A year ago my engineer daughter sent me a podcast by RadioLab that described a potentially scary future created by advanced video and voice manipulation technology that would allow anyone to recreate or initiate recordings of fake events that appeared very realistic – essentially putting a fake news weapon of high counterfeit quality into the hands of anyone. I have been pondering the possible ramifications of this technology and what could be done to offset it ever since. So I got quite excited when I met Daniel Riedel of New Context at a recent IACD conference and got to talking to him about his company’s research into “synthetic identities” and “secure attribution” among several other interesting things his company is doing in the ICS security arena. Daniel graciously accepted an interview request which you can read below. Learn how New Context is helping ICS companies to secure their infrastructure by developing secure attribution capabilities, applying AI to behavioral models, and advising on how to build a secure DevOps framework – all to help fingerprint ICS activities and identify bad actors from good actors in this interview with Active Cyber.

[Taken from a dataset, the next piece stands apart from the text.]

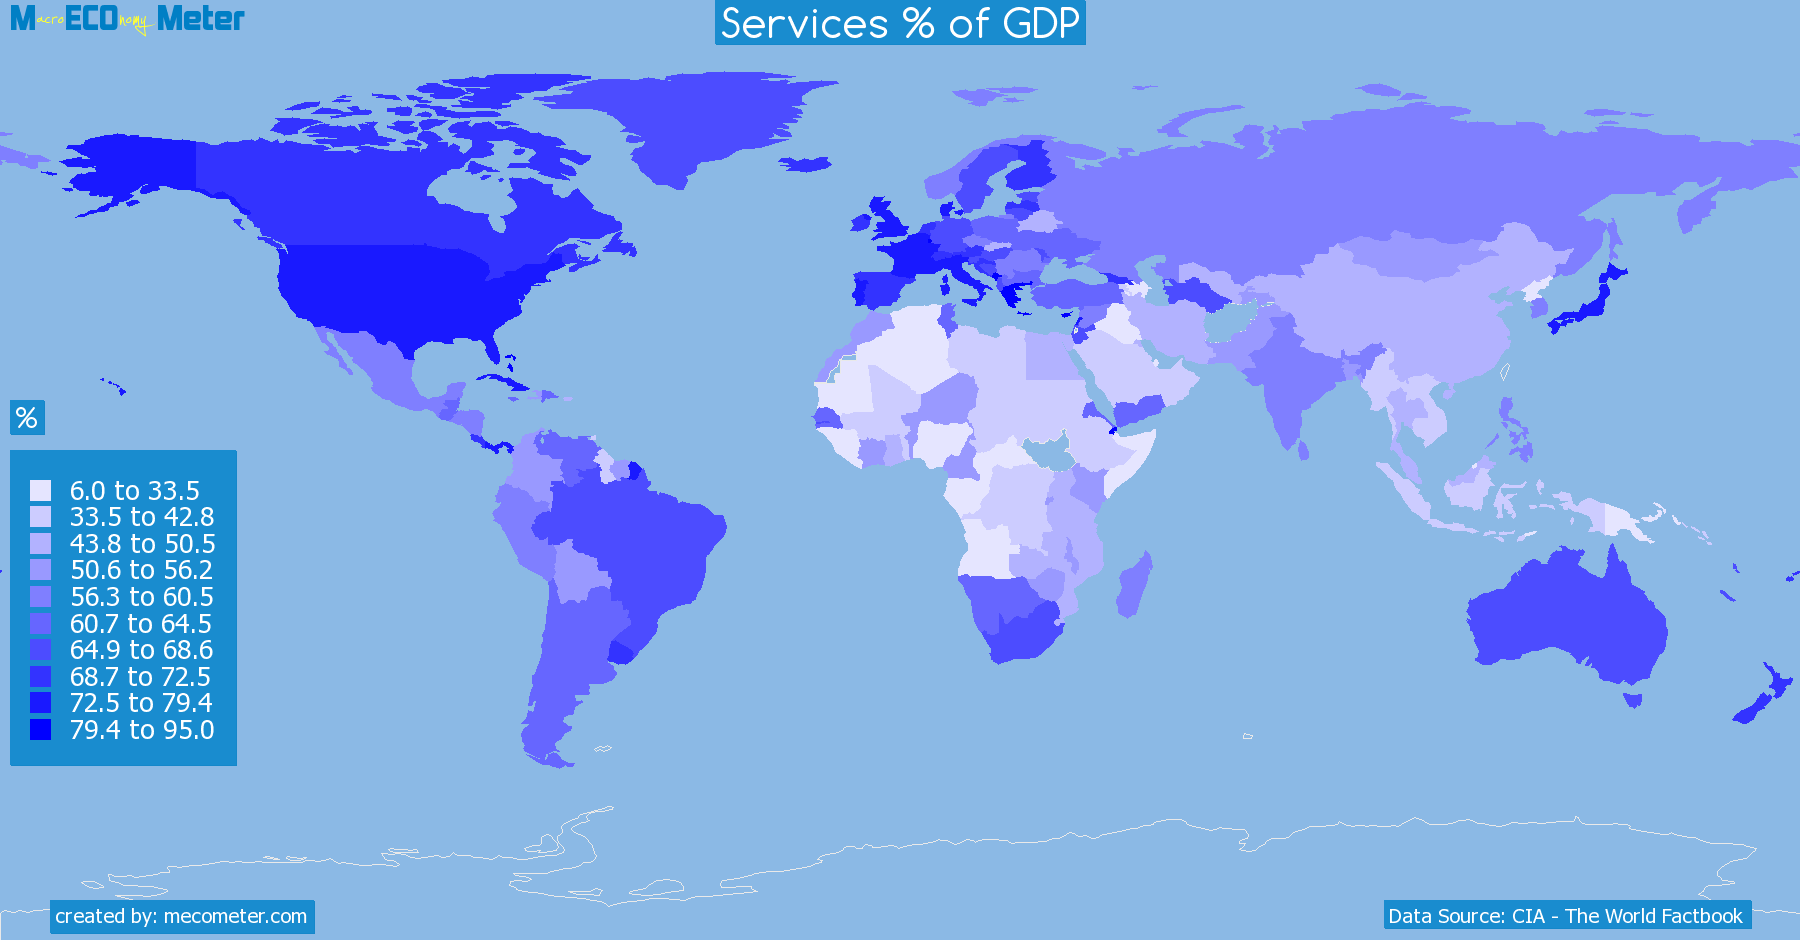 Services % of GDP
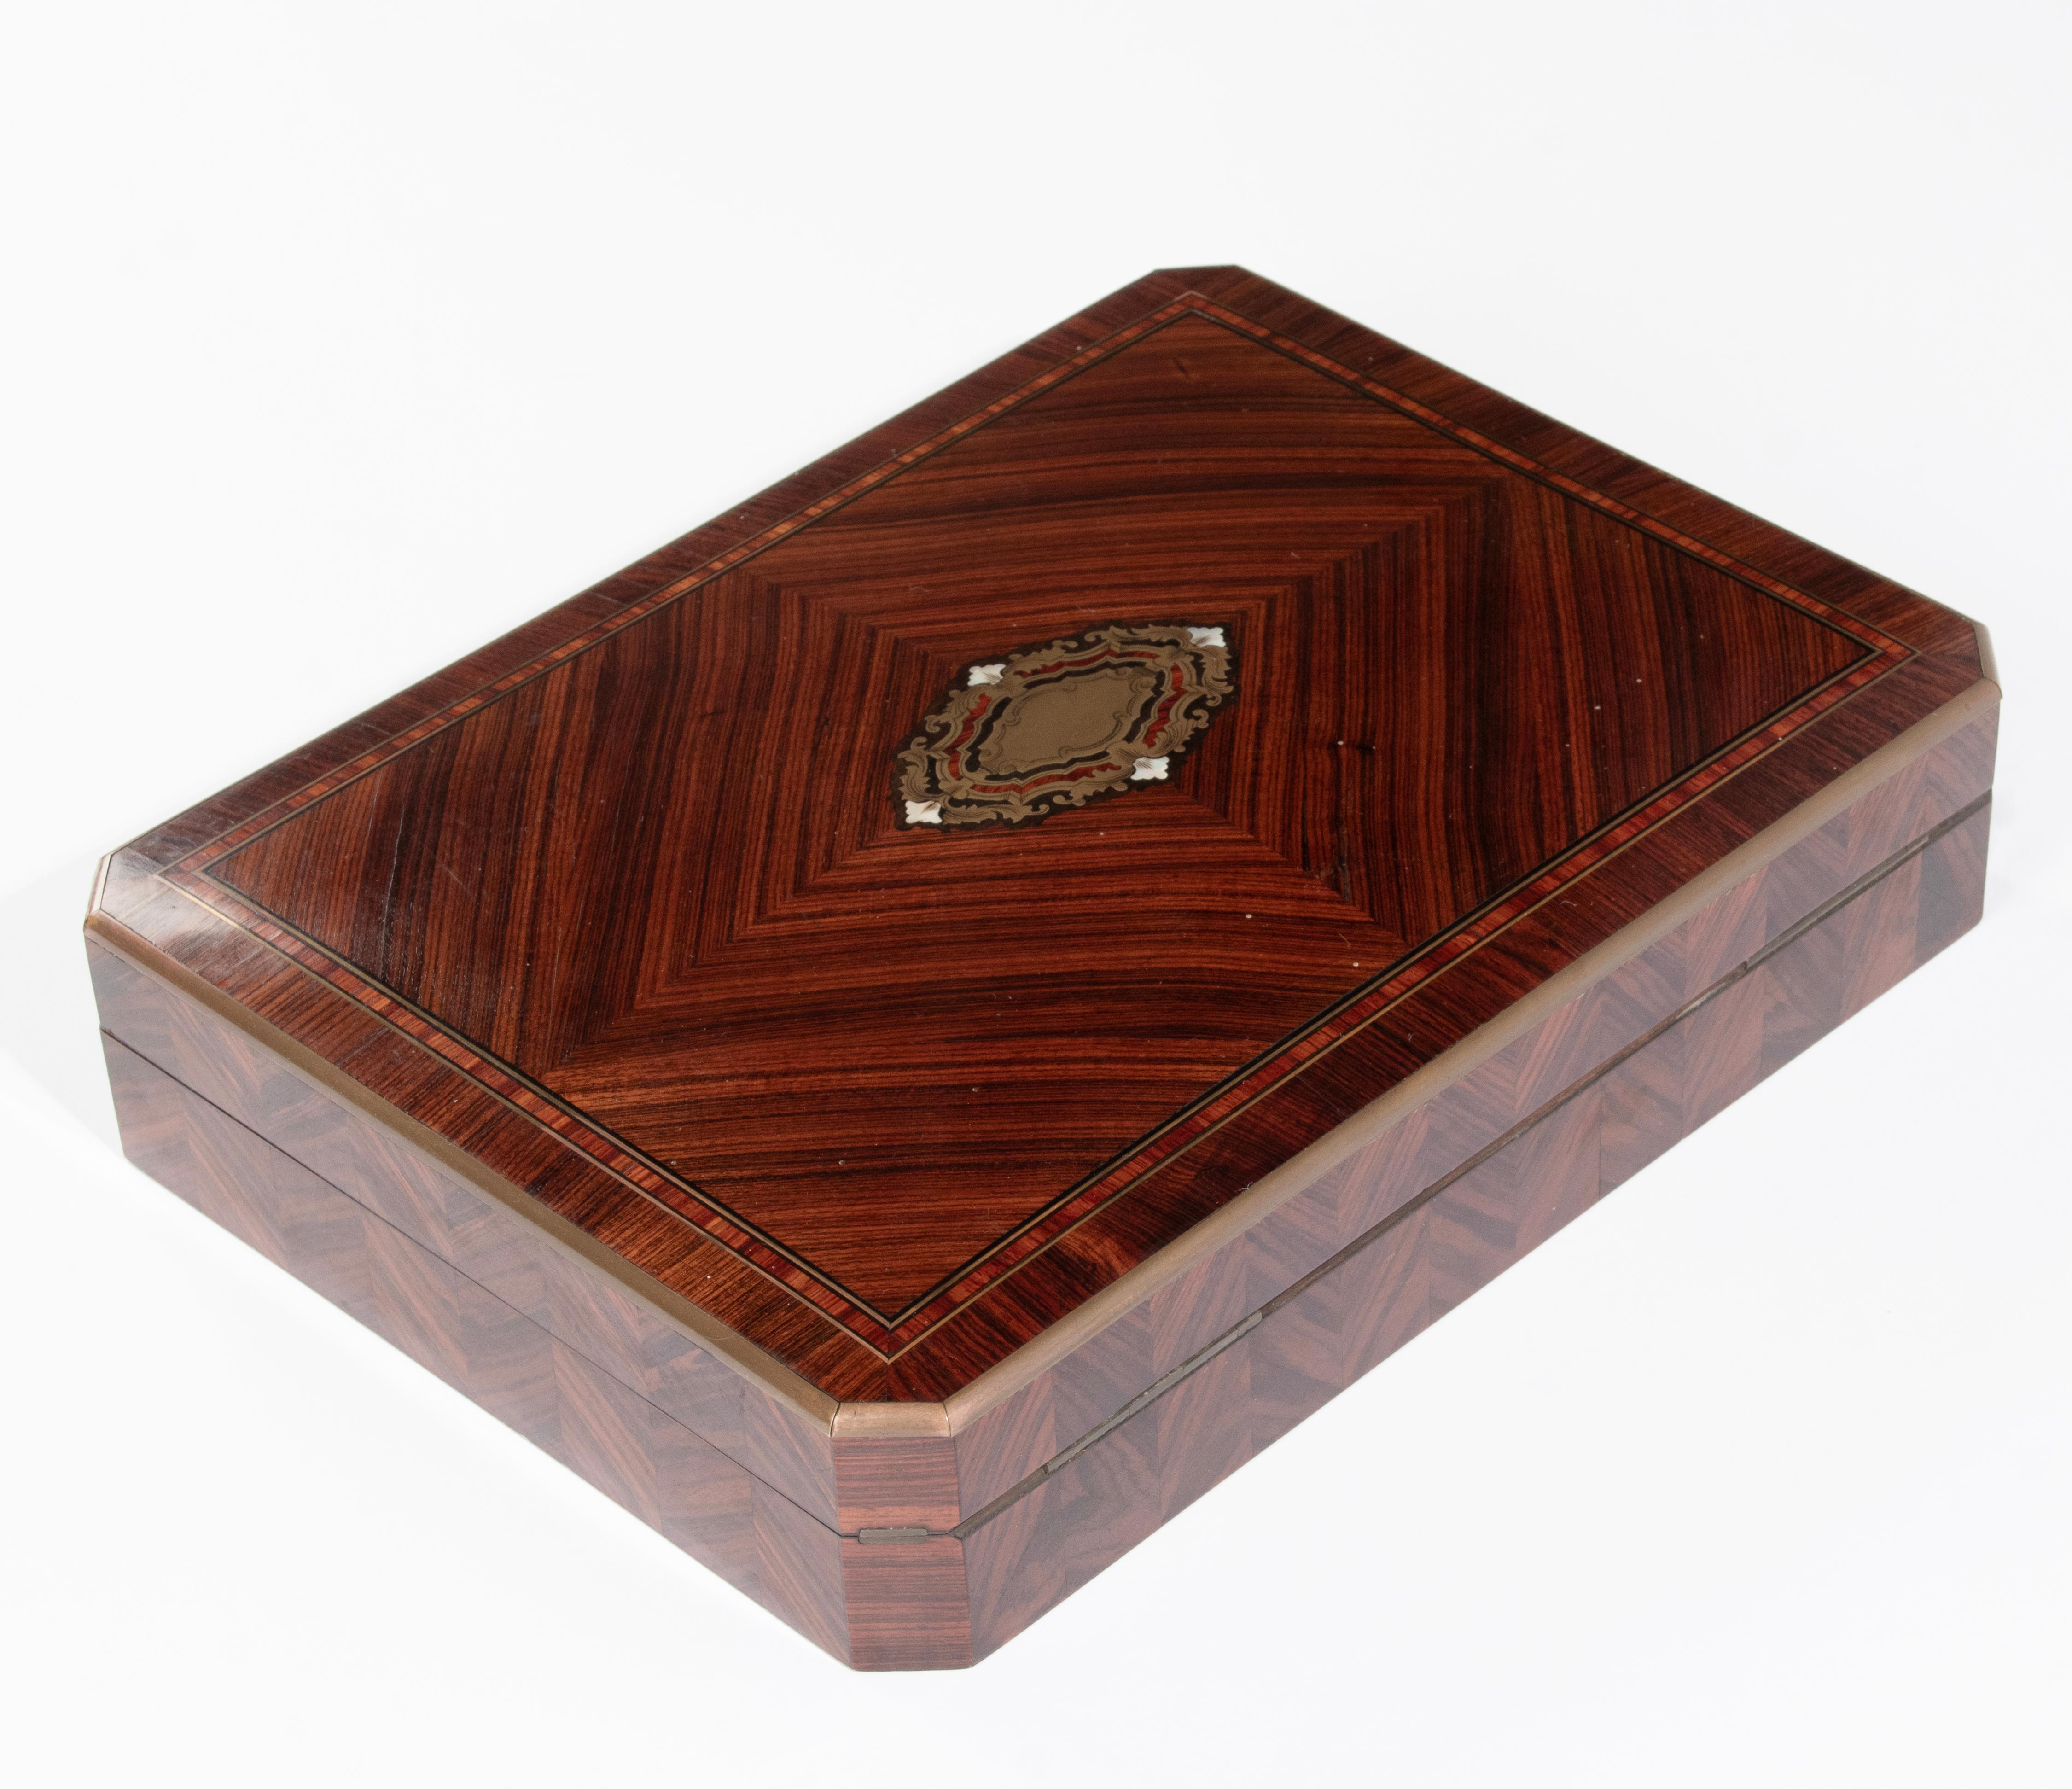 Beautiful antique game box from the French Napoleon III period. The box is made of book veneer match, inlaid with brass trims. This box shows the fine craftsmanship of the ebenist who made the box. The interior has compartments for chips and cards.

Spotlight on Mr. Daniel Riedel
» Title: Mr. Daniel Riedel, Founder and CEO New Context Services
» Website: https://www.newcontext.com/
» Linkedin: linkedin.com/in/riedelinc
Read his bio below.
August 13, 2018
Chris Daly, ActiveCyber: Hi Daniel – Thanks for joining me today. Please provide me and my subscribers some background on you and your company.
Daniel Riedel, CEO New Context: Thanks, Chris, great to meet you.
I got into software game development in the 7th grade, and I discovered I was an entrepreneur at the age of 19. I founded a company building media projects for the National Science Foundation, SGI, AT&T and Disney. As early as I can remember, my peers and I always talked about when data is created, people can steal it and more importantly, the manipulation of data can lead to the manipulation of people. From there, my passion was security and keeping the connected world safe.
I founded New Context in 2013 to build secure critical infrastructure – I felt it was something I had to do. I was fortunate have a team of talented and inspired engineers join the mission and we began building orchestration and deployment software with integrity.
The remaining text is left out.